I. Linear regression

Ex:

  • EDF: understand what’s the relation between consumption of electricity and the weather (the colder it is, the more electricity is consumed)
\[Y ≝ (Y_1, \ldots, Y_n)^T ∈ ℝ^n\] \[X ≝ (X_1, \ldots, X_n)^T ∈ ℝ^{n × d}\]

Goal: find

\[{\rm argmin}_{f ∈ F} \widehat{R}_n(f) = \frac 1 n \sum\limits_{ i =1 }^n (x_i - f(x_i))^2\]

Beware over-fitting!

⟹ $f$ affine function: $f: x ⟼ ax +b$

Linear model: $Y = X^T β + ε$ where the noise $ε ≝ (ε_1, \ldots, ε_n) ∈ ℝ^n$, $(ε_i)$ i.i.d

  • $𝔼((ε_j)) = 0$
  • $Var(ε) ≝ (Cov(ε_i, ε_j))_{i,j} = σ^2 I_n$

Assumption: $X ∈ ℝ^{n×p}$ is injective: $rank(X) = p$

($Im(X)$ is a vector subspace of $ℝ^n$ of dimension $p ≤ n$)

Ordinary least square estimator:
\[\widehat{β}∈ {\rm argmin}_β \widehat{R}_n(β) = {\rm argmin}_{β∈ℝ^p} \underbrace{\frac 1 n \sum\limits_{i=1 }^n (y_i - x_i^T β)^2}_{ = \frac 1 n \Vert Y - X β\Vert_2^2}\]

Proposition:

\[\widehat{β} = (X^T X)^{-1} X^T Y\]

Proof: $\widehat{β}$ is the minimum of $\widehat{R}_n$ ⟹ it should cancel its gradient:

\[\nabla \widehat{R}_n(β) = 0\] \[\begin{align*} \nabla \widehat{R}_n(β) & = 2 (X^T X)β - 2 X^T Y \\ \underbrace{(X^T X)}_{\text{if it is invertible}} \widehat{β} & = X^T Y \\ \widehat{β} & =(X^T X)^{-1}(X^T Y ) \end{align*}\]
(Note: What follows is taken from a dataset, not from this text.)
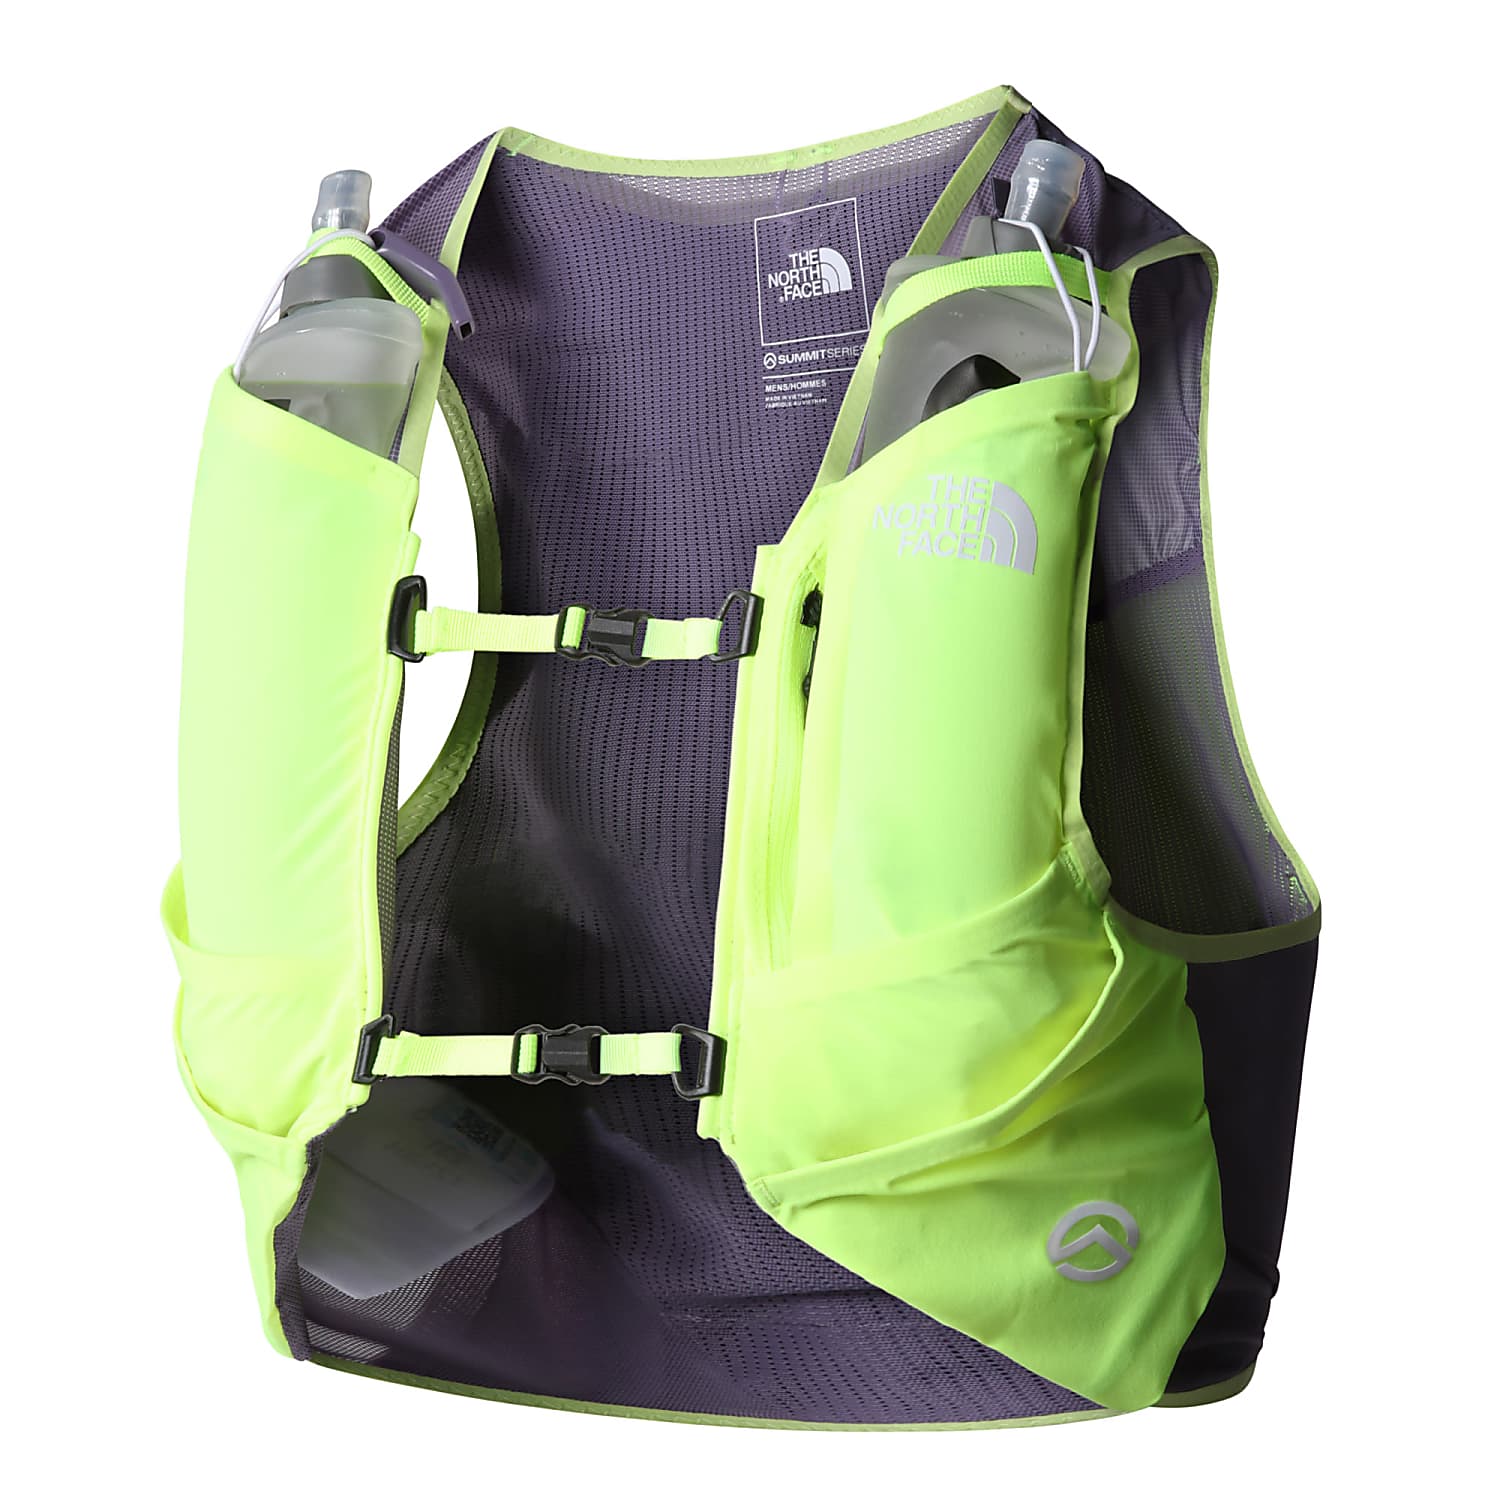 The North Face SUMMIT RUN RACE DAY VEST 8, Lunar Slate - LED Yellow
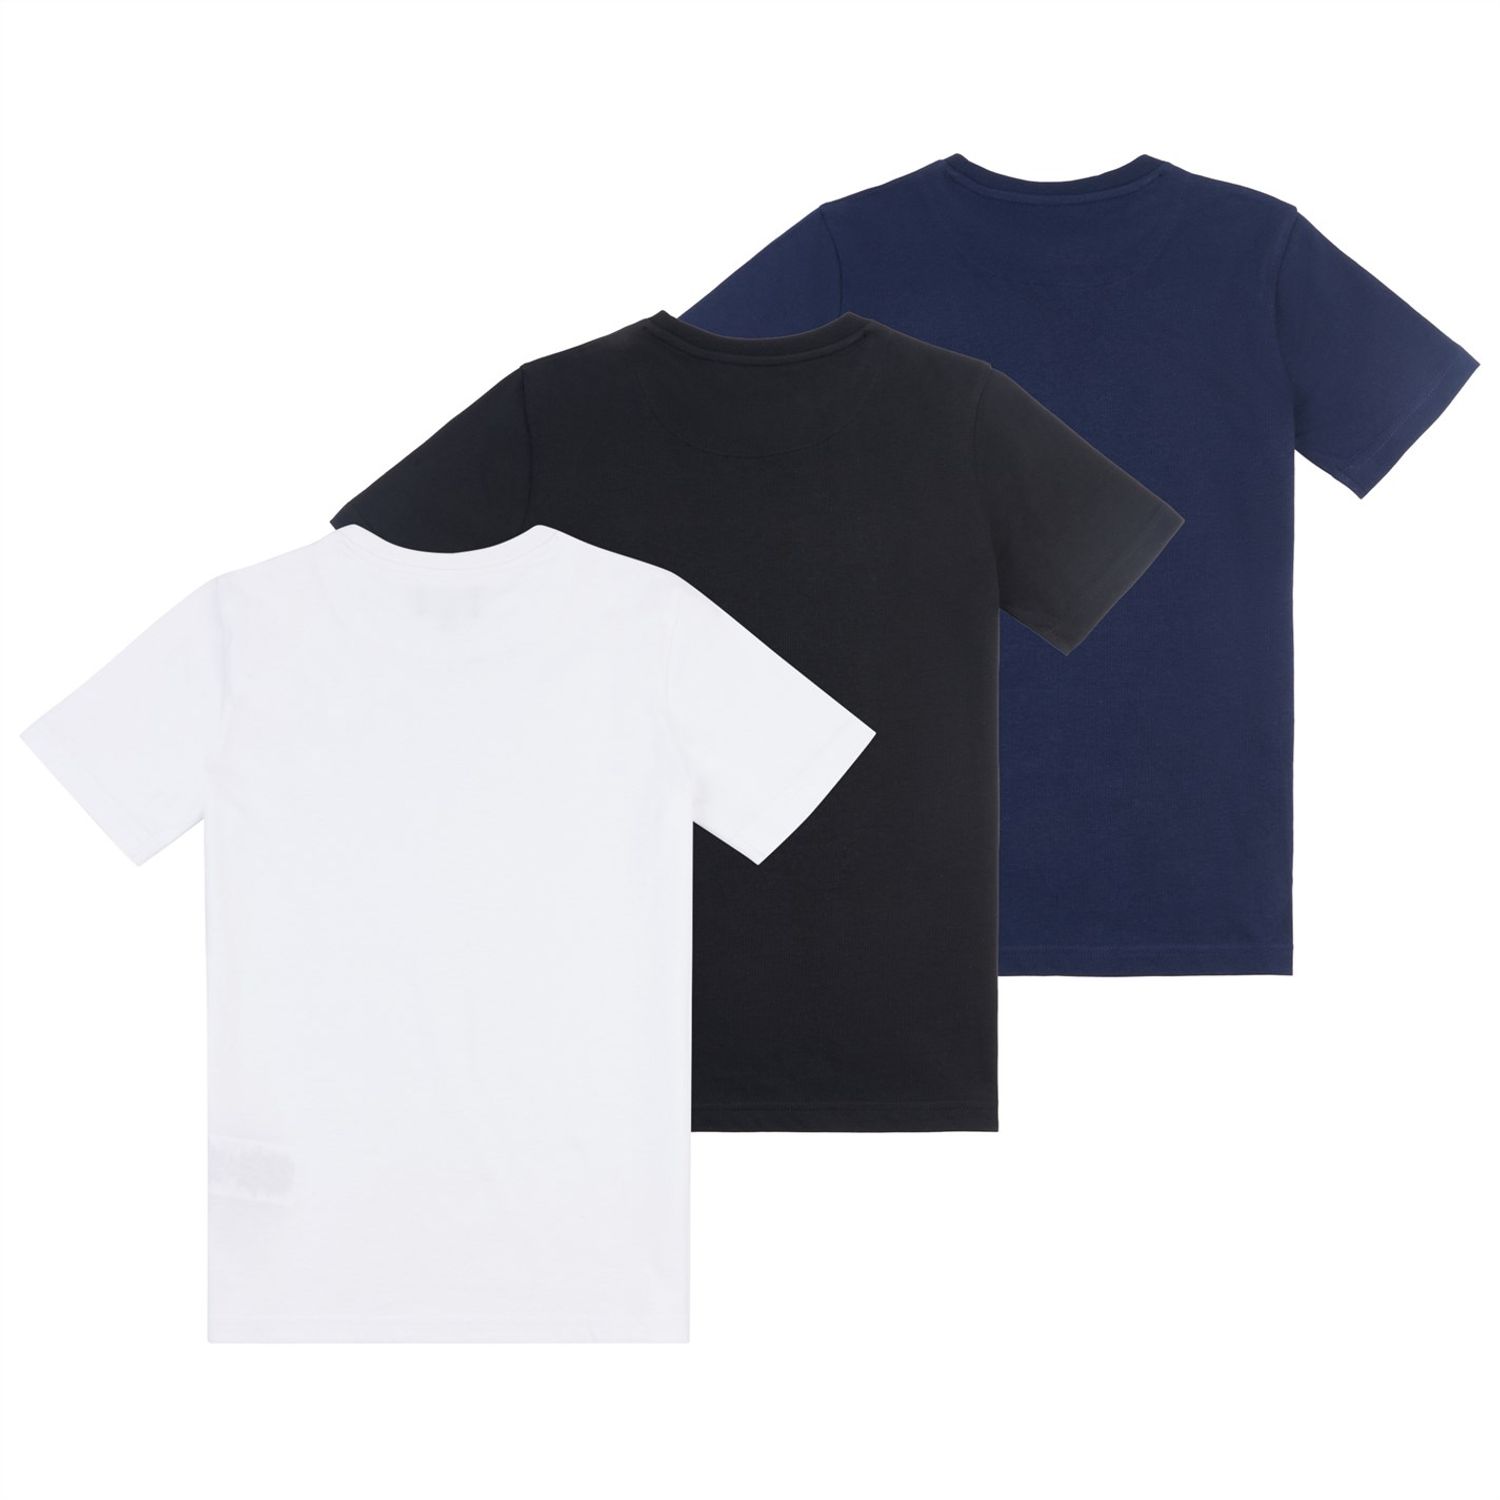 Blue Lyle And Scott Boys 3 Pack T-Shirt - Get The Label

So $\widehat{β}$ is an extremum.

But as $\frac n 2 \nabla^2 \widehat{R}_n(β) = X^T X$ is positive-definite matrix, $\widehat{β}$ is then a minimum (and it’s unique, since the matrix is strictly positive).


We found the best approximation of $Y ∈ ℝ^n$ as $Xβ$.

$X \widehat{β} = \underbrace{P_{Im(X)}(Y)}_{\text{orthogonal projection of } Y \text{ on } Im(X)}$

Moreover:

\[P_{Im(X)}(Y) = X \widehat{β} \\ = \underbrace{X(X^T X)^{-1} X^T}_{\text{orthogonal projection matrix on } Im(X)} Y\]

Is $\widehat{β}$ good?:

To simplify calculations, we assume that $X$ is deterministic.

\[𝔼(\widehat{β}) = 𝔼((X^T X)^{-1} X^T Y) = (X^T X)^{-1} X^T 𝔼(Y) \\ = (X^T X)^{-1} X^T(X β + \underbrace{𝔼(ε)}_{ =0}) = β\]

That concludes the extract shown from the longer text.